Di lapau kopi inilah masyarakat  membicarakan isu-isu yang sedang hangat di lingkungannya.
Disaat masyarakat belum mengenal medsos  dan internet, lapau kopi telah menjadi media bagi
masyarakat untuk berhubungan dan berbagi informasi.

A. LAPAU
Lapau menurut bahasa Minangkabau berarti warung atau kedai yang dijadikan sebagai tempat
atau sarana untuk melakukan proses jual beli, namun hal ini berbeda dengan lapau yang terdapat
di Nagari Sawah Laweh Kecamatan Bayang Kabupaten Pesisir Selatan. Konteks lapau pada
masyarakat Nagari Sawah Laweh merupakan suatu tempat yang tidak hanya digunakan sebagai
tempat jaul beli akan tetapi juga sebagai media interaksi yang digunakan oleh masyarakat
setempat khususnya kaum laki-laki (Mardoni,2017). Kaum laki-laki mulai duduk di lapau dari
sore hari saat mereka menunggu waktu shalat Magrib dan saat waktu shalat Magrib mereka akan
kembali ke rumah untuk melaksanakan sholat Magrib, setelah waktu Magrib habis mereka akan
kembali duduk di lapau sampai tengah malam. Kegiatan yang dilakukan oleh kaum laki-laki
setiap malam berkumpul di lapau adalah berbincang dan membincangkan berbagai persoalan,
bermain domino dan koa bersama dengan ditemani segelas kopi dan sebatang rokok. Interaksi
yang dilakukan oleh kaum laki-laki tidak hanya sebagai kegiatan untuk menghabiskan waktu
pada malam hari, tetapi juga sebagai mempererat silaturahim antara masyarakat yang duduk di
lapau khususnya kaum laki-laki. Penelitian ini sejalan dengan penelitian sebelumnya yang
dilakukan oleh beberapa peneliti antara lain; pertama, Damsar, dan Indrayani mengenai studi
tentang Local Wisdom Based Disaster Education In Minangkabau Society (Damsar, 2018).

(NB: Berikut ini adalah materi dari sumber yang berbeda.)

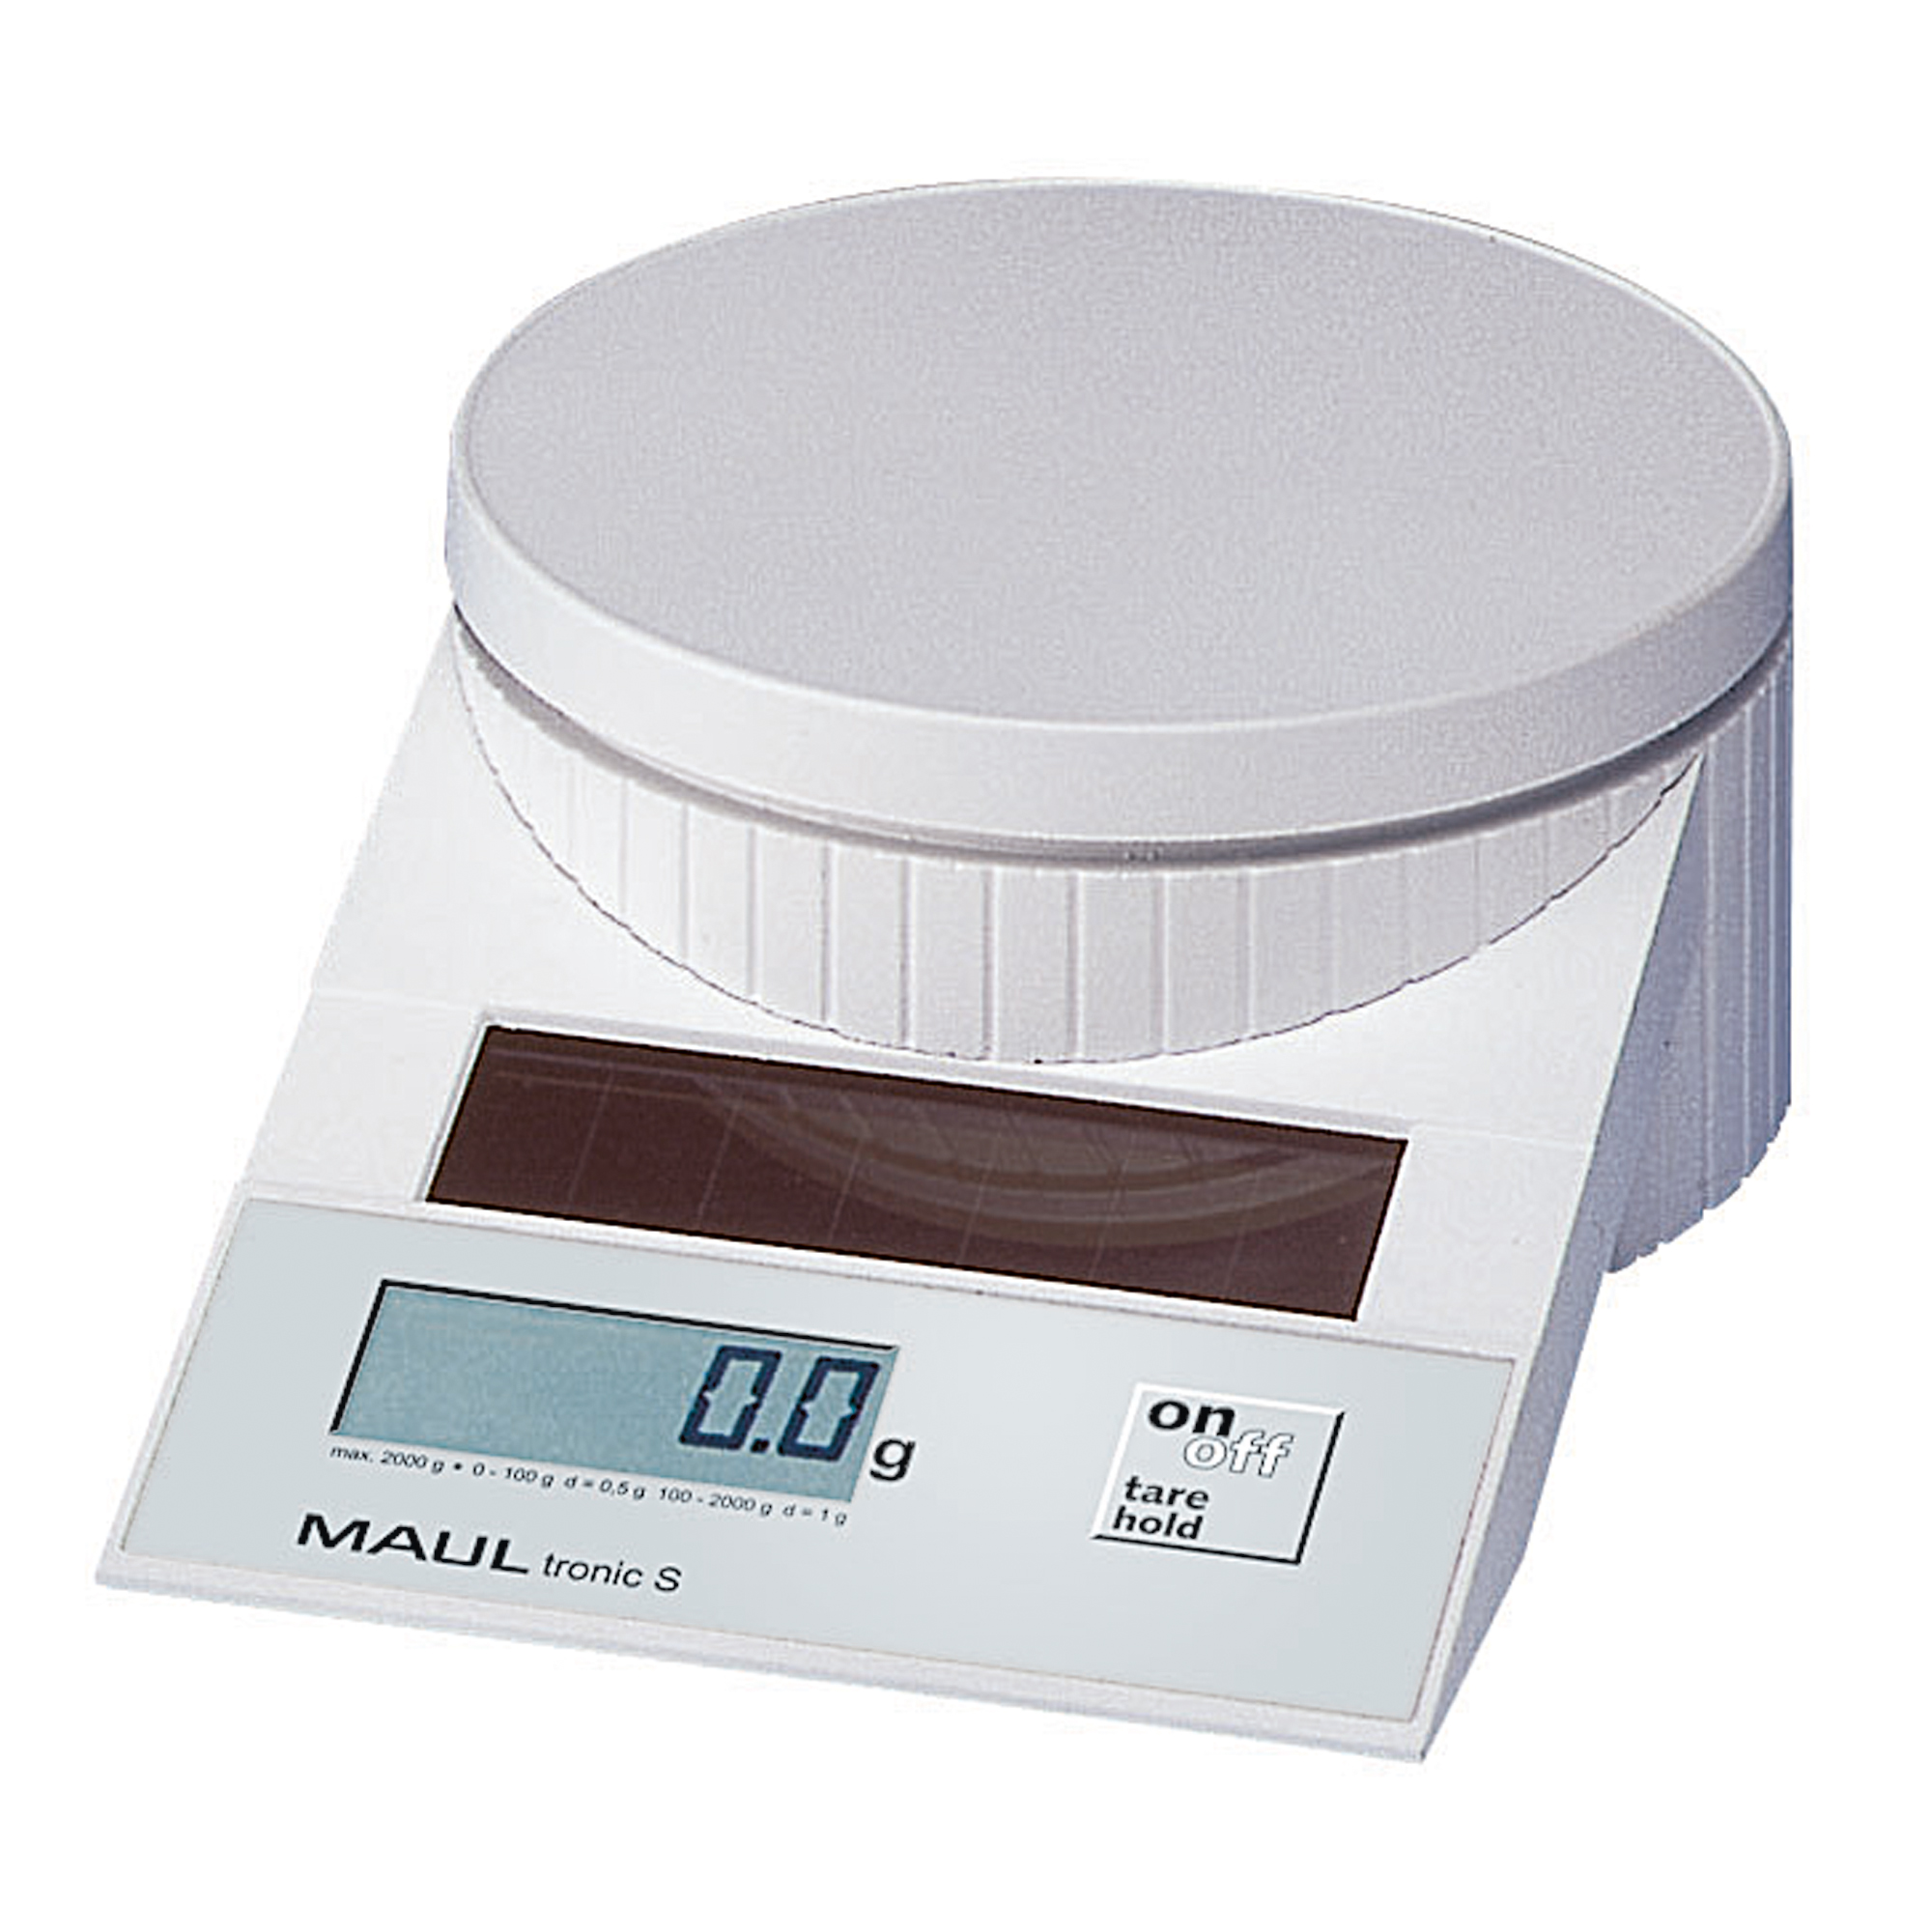 MAUL Briefwaage MAULtronic S 0,5 g (0-100), 1 g (100-2.000)

Penelitian ini menjelaskan mengenai sumber belajar bagi sebuah kearifan lokal dalam
menghadapi bencana salah satunya lapau. Penelitian selanjutnya dari Yona Primadesi mengenai
“Preserving Of Information Value In Oral Traditional Of Minangkabau Society, West Sumatera,
Indonesia”(Primadesi, 2012). Penelitian ini menjelaskan bahwa masyarakat Minangkabau sangat
terkenal dengan tradisi lisan yang disebut kaba babarito yang mengekspresikan pesan dari satu ke
yang lain secara lisan. Tradisi lisan Minangkabau sangat kuat dalam banyak aspek kehidupan,
misalnya tradisi maota di lapau, yang merupakan salah satu cara bagi pria di Minangkabau untuk
berkomunikasi dan bersosialisasi. Kemudian, penelitian dari Nursyirwan Effendi mengenai
“Budaya Politik Khas Minangkabau Sebagai Alternatif Budaya Politik Di Indonesia” penelitian
ini bertujuan untuk
Lapau adalah ruang yang tidak bisa dilepaskan dari kebudayaan dan karakter masyarakat
Minangkabau selain Rantau dan Surau. Dimana Lapau menjadi ranah internal sama hal nya Surau
di Minangkabau. Ranah internal disini dimaksudkan adalah hal atau ruang yang ada secara
geografis terjadi diranah Minangkabau sendiri. Sedangkan Rantau berada diranah eksternal
Minangkabau, walaupun ada sebagian pendapat yang menyatakan bahwa ruang Rantau itu adalah
ruang dimana berbeda dari tanah kelahiran meskipun tetap berada didalam wilayah geografis
Minangkabau sendiri.
Menurut Gusti Asnan dalam makalahnya pada ‘Kongres Kebudayaan Indonesia’ pada
Oktober 2013 lalu yang bertempat di Yogyakarta, mengenai asal mulanya Lapau: “tidak
diketahui, sejak kapan lapau mulai muncul di Minangkabau, namun bisa dikatakan lapau mulai
menjadi bagian dari sistem sosial (juga politik dan ekonomi) Minangkabau ketika aktivitas niaga
mulai marak di daerah itu. Lapau saat itu mulai menjadi ‘lembaga’ penting dalam jaringan
niaga antara daerah pantai dan pedalaman Minangkabau”.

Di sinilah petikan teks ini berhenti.